L'empereur Liang Yu ordonna gentiment : "Alors, mon cher, surveille les artisans et aide à remettre en ordre les deux grandes maisons. Sinon, cela ne donnera pas une bonne image si les gens voient cet état de désolation."
Gao Lin accepta l'ordre et remercia, n'ayant même pas effleuré l’ombre des fleurs et des brocards de la capitale, et se retrouva avec une tâche de supervision. Il se sentait amer et voulait retourner dans le nord-ouest.
Pendant ce temps, son général, qui était plongé dans un monde de douceur, passa le Nouvel An au Jiangnan, puis profita du printemps, et ne voulait toujours pas retourner à la capitale. Liu Xian'an ne le pressait pas non plus. Il était penché sur la table, dessinant une carte après l'autre du fleuve Bai, tandis que Liang Shu ajoutait des annotations détaillées sur chaque carte. Une fois qu'ils avaient assez de cartes, ils les envoyaient en urgence à la capitale.
Cela rendait Liang Yu furieux, mais il ne pouvait pas le montrer. Il devait même sortir de l’argent de sa poche de temps en temps pour l’envoyer à son frère malchanceux, de peur qu'il ne mange et ne boive gratuitement sans rien faire, ce qui le rendrait impopulaire.
Cependant, les disciples du manoir de Baihe aimaient beaucoup le prince, et ils commençaient à ne plus avoir peur de lui. De plus, la dame Liu ne semblait pas vouloir récupérer les frais de nourriture et d'hébergement, et envoyait souvent des soupes qu'elle avait préparées elle-même au pavillon sur l'eau. En entrant, elle vit Liang Shu en train de bricoler la roue à eau, car récemment, le bruit de ce truc cassé était devenu de plus en plus fort, strident et aigu, presque comme un cri de fantôme, ce qui perturbait vraiment le sommeil.
"Je ne l'entends pas."
"Moi, je l'entends."
"... Alors répares-la."
Liu Xian'an était assis dans le couloir, les mains dans les poches, regardant Liang Shu réparer la roue à eau. Cependant, le prince n'avait pas l'ambition de devenir menuisier depuis son enfance, donc il n'était pas très habile. Plus il réparait, plus il semblait abîmer la roue à eau. Après avoir réussi à assembler les pièces de bois de travers, avant même de les remettre sur la colline artificielle, les morceaux de bois tombèrent avec un bruit sec.
Liu Xian'an retint son rire.
La dame Liu voulait aussi rire.
Finalement, ce fut Liu Xian'an lui-même qui répara la roue à eau.
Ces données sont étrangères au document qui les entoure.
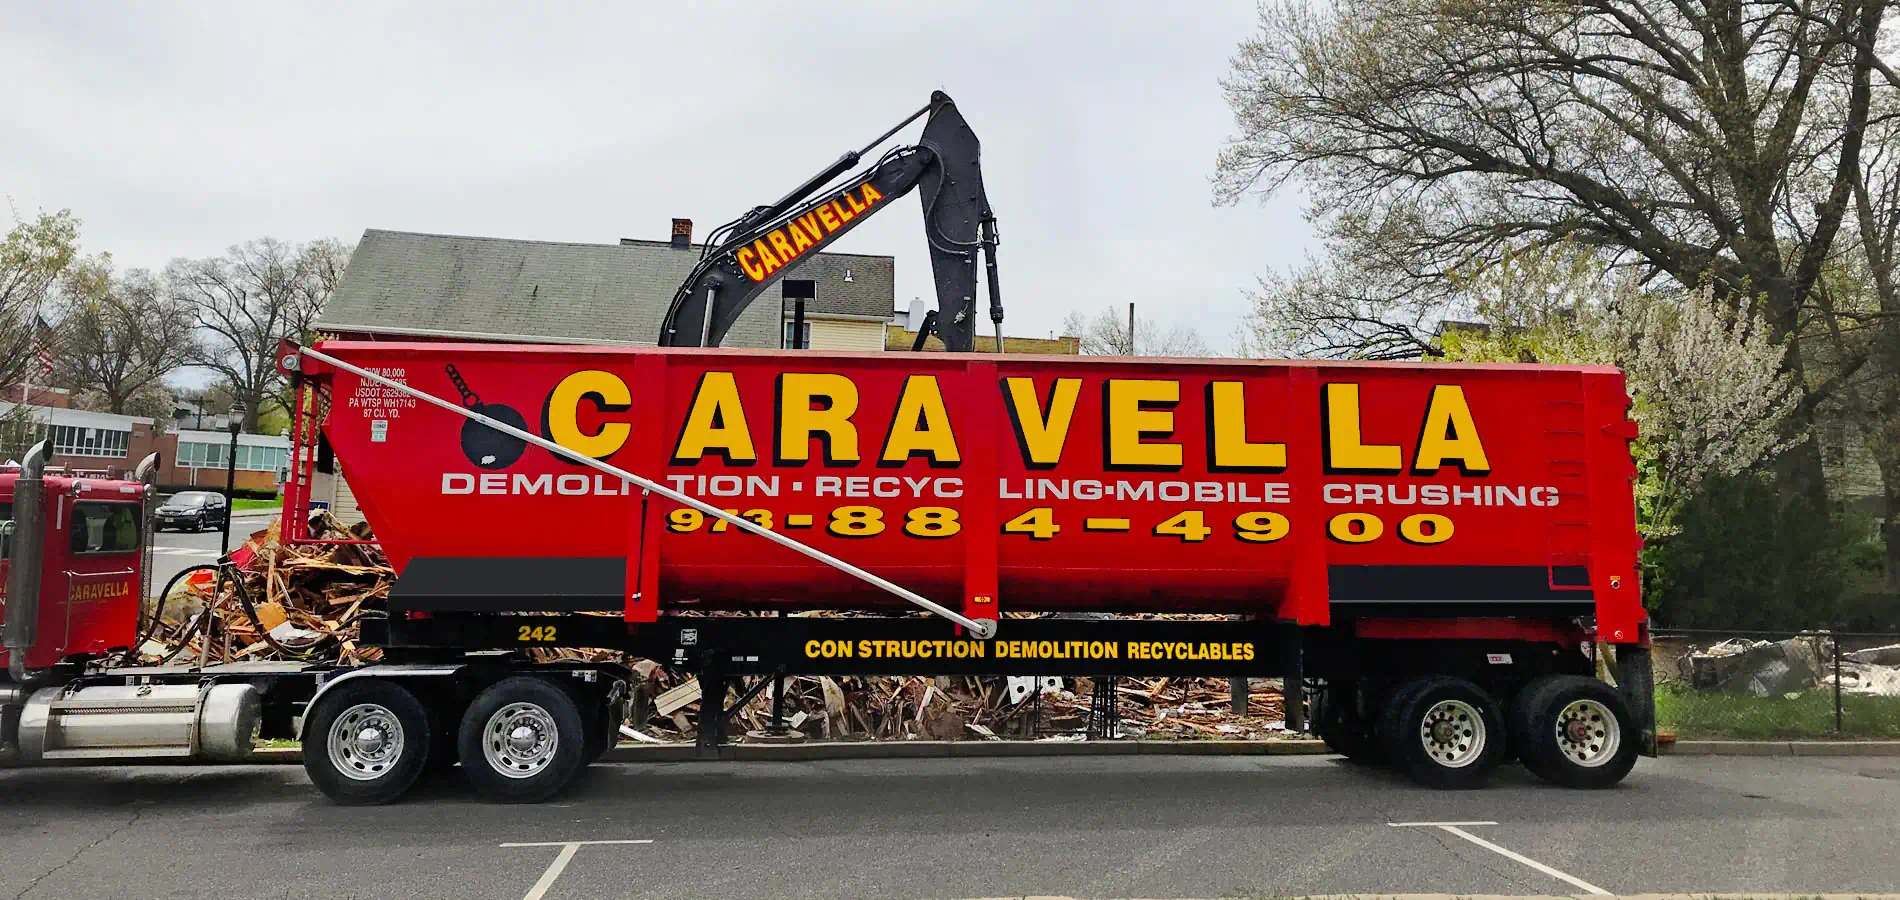 Demolition Services in Asbury Park, NJ 07712 | Caravella Demolition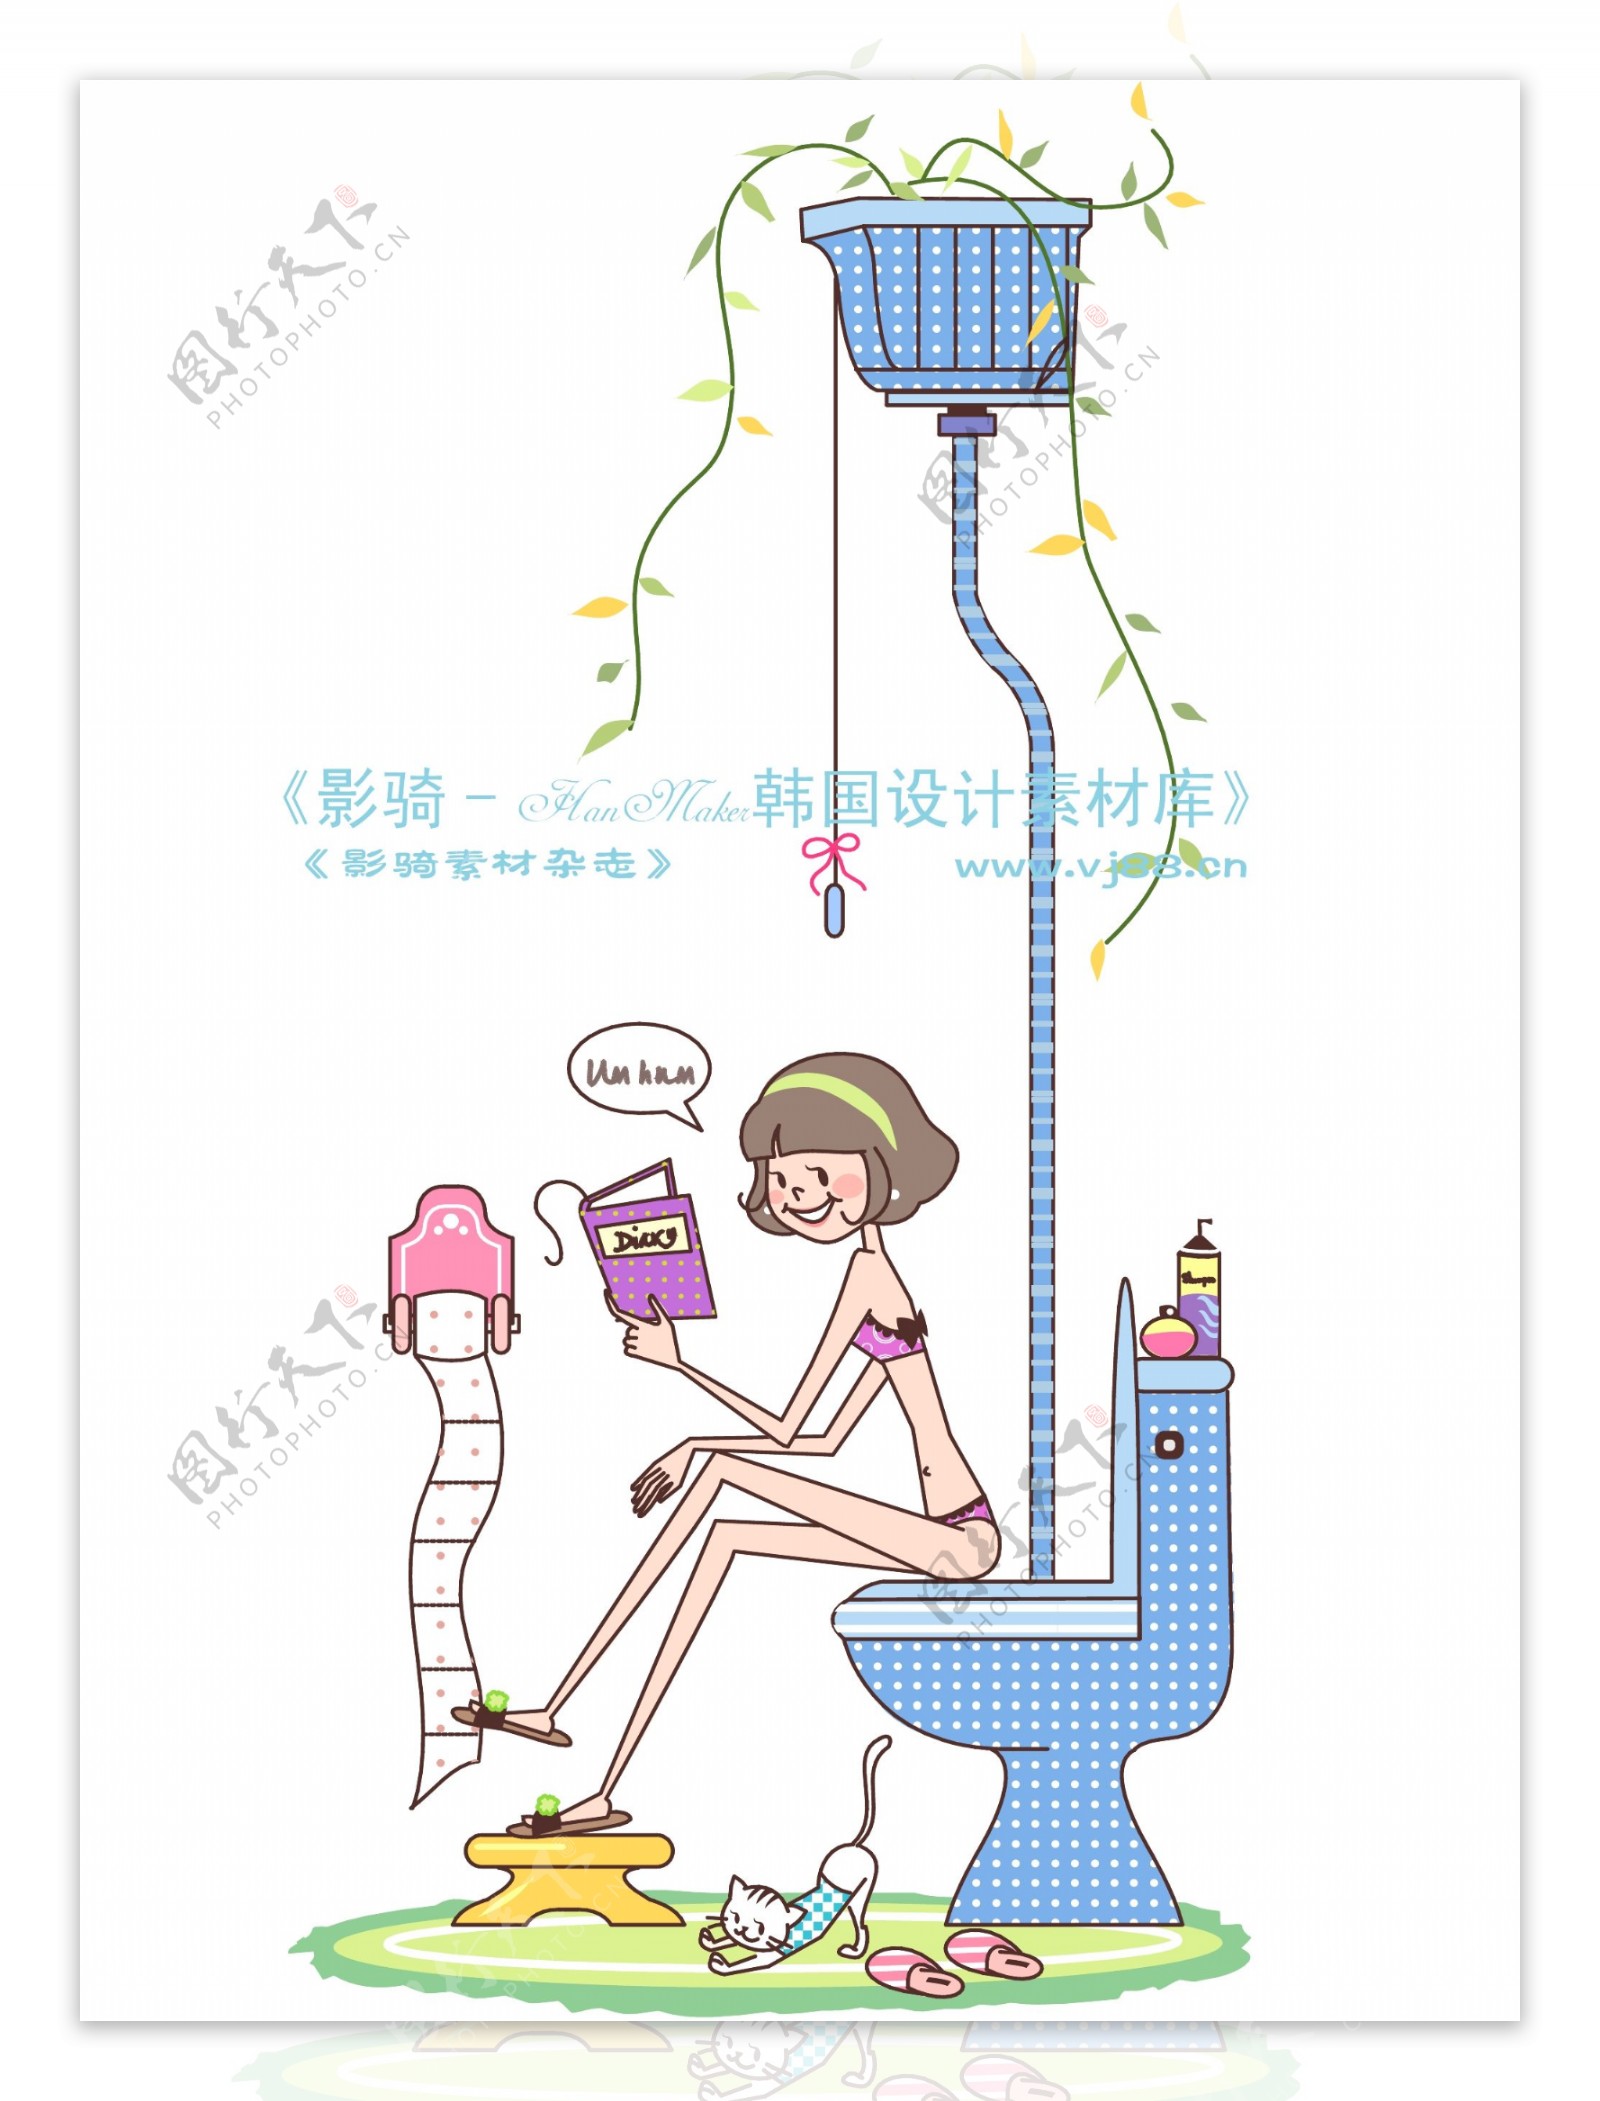 时尚简笔插画矢量素材矢量图片HanMaker韩国设计素材库

Il se dressa sur la pointe des pieds, installa la roue à eau, puis la fit tourner avec sa main. Des éclats d'argent jaillirent, créant des ondulations.
Liang Shu, appuyant sa main sur son épaule, dit : "Mon frère l'empereur a encore écrit une lettre, nous pressant de retourner à la capitale."
"D'accord, alors retournons à la capitale," proposa Liu Xian'an en s’essuyant les mains. "Justement, ta blessure est presque guérie. Si nous allons à la capitale maintenant, nous pourrons encore profiter un peu de l'été. Mon père a dit hier qu'il voulait que j'aille préparer une série de médicaments pour le palais impérial."
Liang Shu demanda : "Est-ce pour la dot ?"
Liu Xian'an répondit : "Pour traiter la déficience des deux types de Qi et de sang."
Liang Shu changea d'avis : "La déficience, ce n'est pas bon pour la dot, ce n'est pas de bon augure."
Liu Xian'an resta perplexe : "Les maladies ne sont pas de bon augure."
"Pas nécessairement. Par exemple, si le Yang est trop fort, il faut le réduire un peu," dit Liang Shu en touchant son menton avec son doigt, avec une satisfaction inexplicable. "Cette maladie semble acceptable."
Liu Xian'an : "..."
Bon, il ne voulait pas parler avec ce médecin ignorant.